Эти строки написаны самим Мисимой, и, хотя речь идет о герое романа «Дом Киоко» (1959) актере Осаму, совершившем самоубийство вместе со своей любовницей, писатель излагает здесь эстетическую формулу, определившую его собственную судьбу: для Мисимы Прекрасное и Смерть всегда являлись частями неразрывного равенства. Это стержень, на который нанизывается весь жизненный путь Мисимы, все его творчество. В тридцать восемь лет он писал — на сей раз уже не о персонаже, о себе: «Я начинаю понимать, что юность, цветение юности — ерунда и стоит немногого. Но это вовсе не означает, что я с приятностью ожидаю старости. Остается лишь одно: смерть — мгновенная, вездесущая, всегда стоящая рядом. По-моему, это единственная подлинно соблазнительная, подлинно захватывающая, подлинно эротическая концепция».

Юкио Мисима всю жизнь был заворожен этой идеей, смерть манила его, «прикрывая свой лик многообразием масок»; приходили и уходили страстные увлечения, временами писатель, казалось, надолго забывал о роковом магните, но с каждым годом тот притягивал его все сильнее, «Все говорят, что жизнь — сцена.

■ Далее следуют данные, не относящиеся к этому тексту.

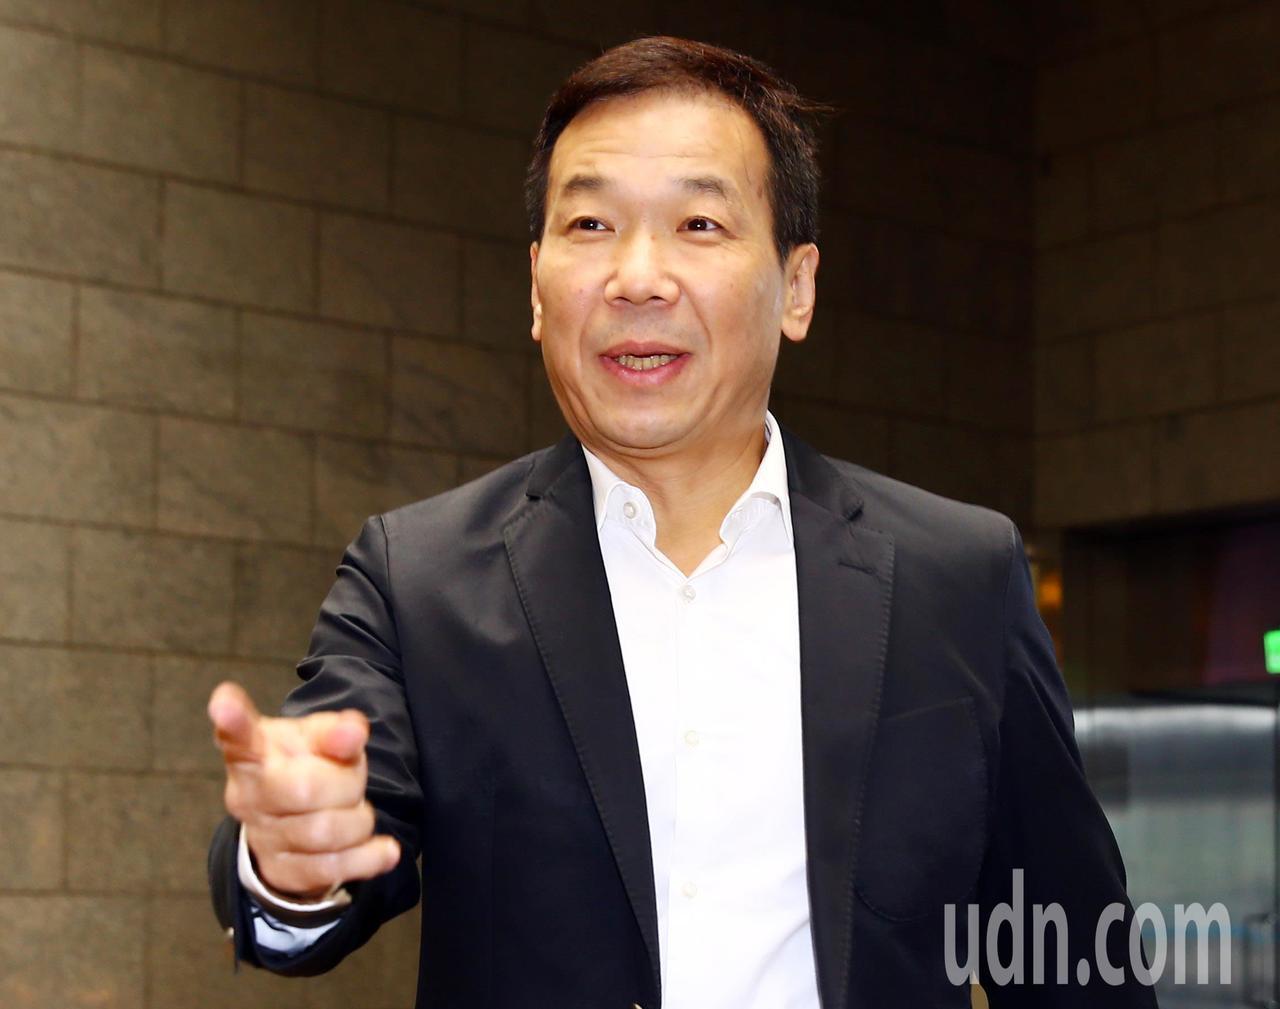 台北市議員鍾小平宣布退出國民黨為柯P助選。記者杜建重/攝影
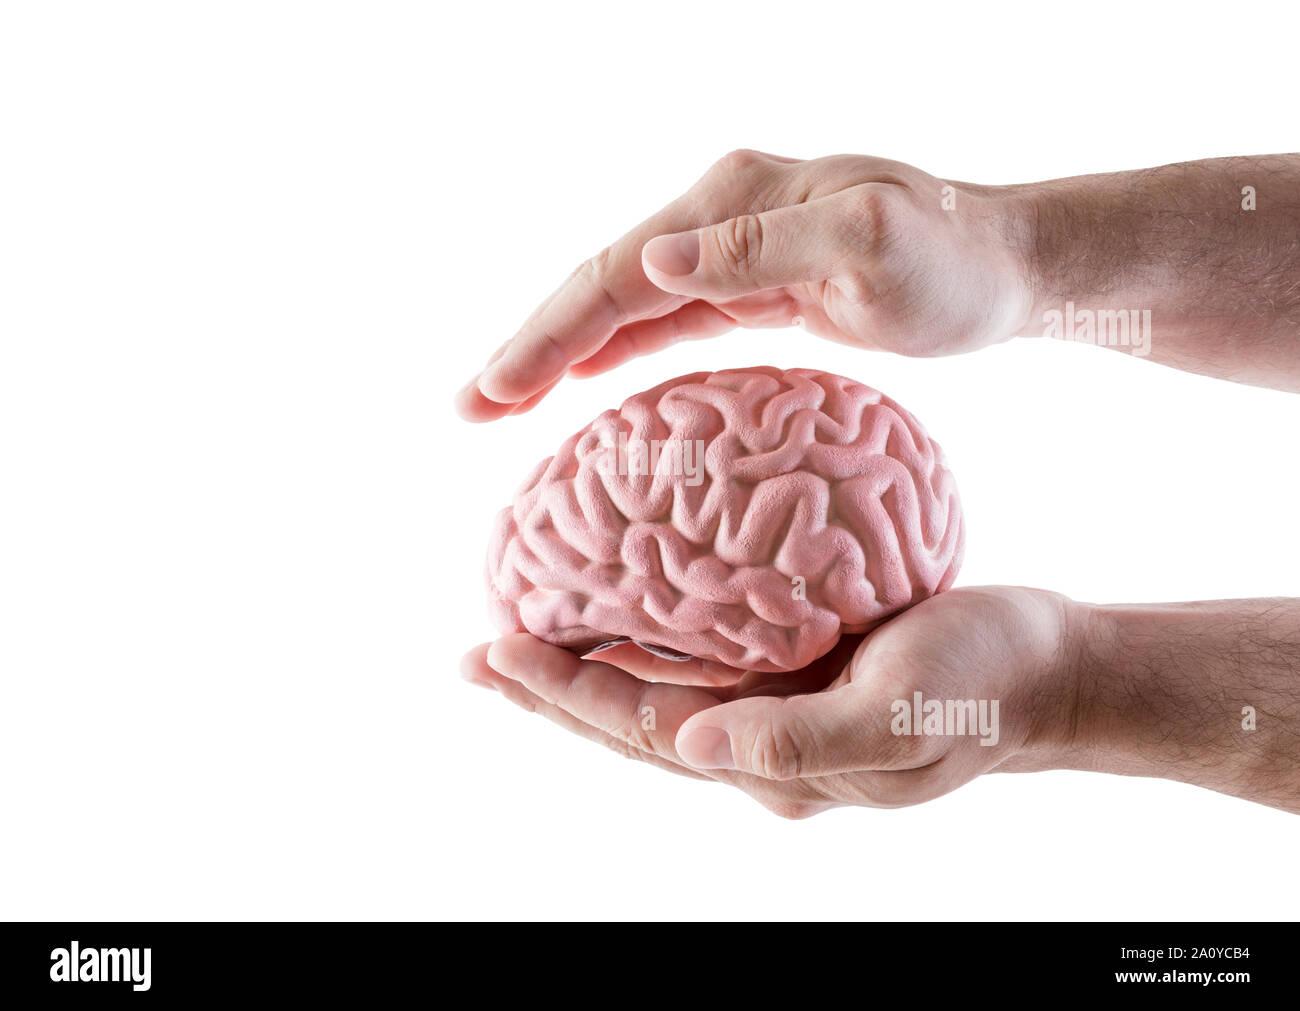 Cerveau humain couverts par des mains isolé sur fond blanc Banque D'Images

Но для большинства людей это не становится навязчивой идеей, а если и становится, то не в таком раннем возрасте, как у меня. Когда кончилось мое детство, я уже был твердо убежден в непреложности этой истины и намеревался сыграть отведенную мне роль, ни за что не обнаруживая своей настоящей сути». Это признание, в котором ключ ко многим поступкам Мисимы, прирожденного лицедея и мистификатора, — из романа «Исповедь маски» (1949), произведения скрупулезно, безжалостно автобиографичного. Двадцатичетырехлетний автор попытался, препарируя свою смятенную, изломанную душу, «избавиться от сидящего внутри чудовища», от тяготеющих над ним с детства мрачных теней. Благодаря «Исповеди маски» мы знаем, как был устроен мир тихого, болезненного мальчика по имени Кимитакэ Хираока (таково подлинное имя писателя, псевдоним Юкио Мисима он взял в шестнадцатилетнем возрасте).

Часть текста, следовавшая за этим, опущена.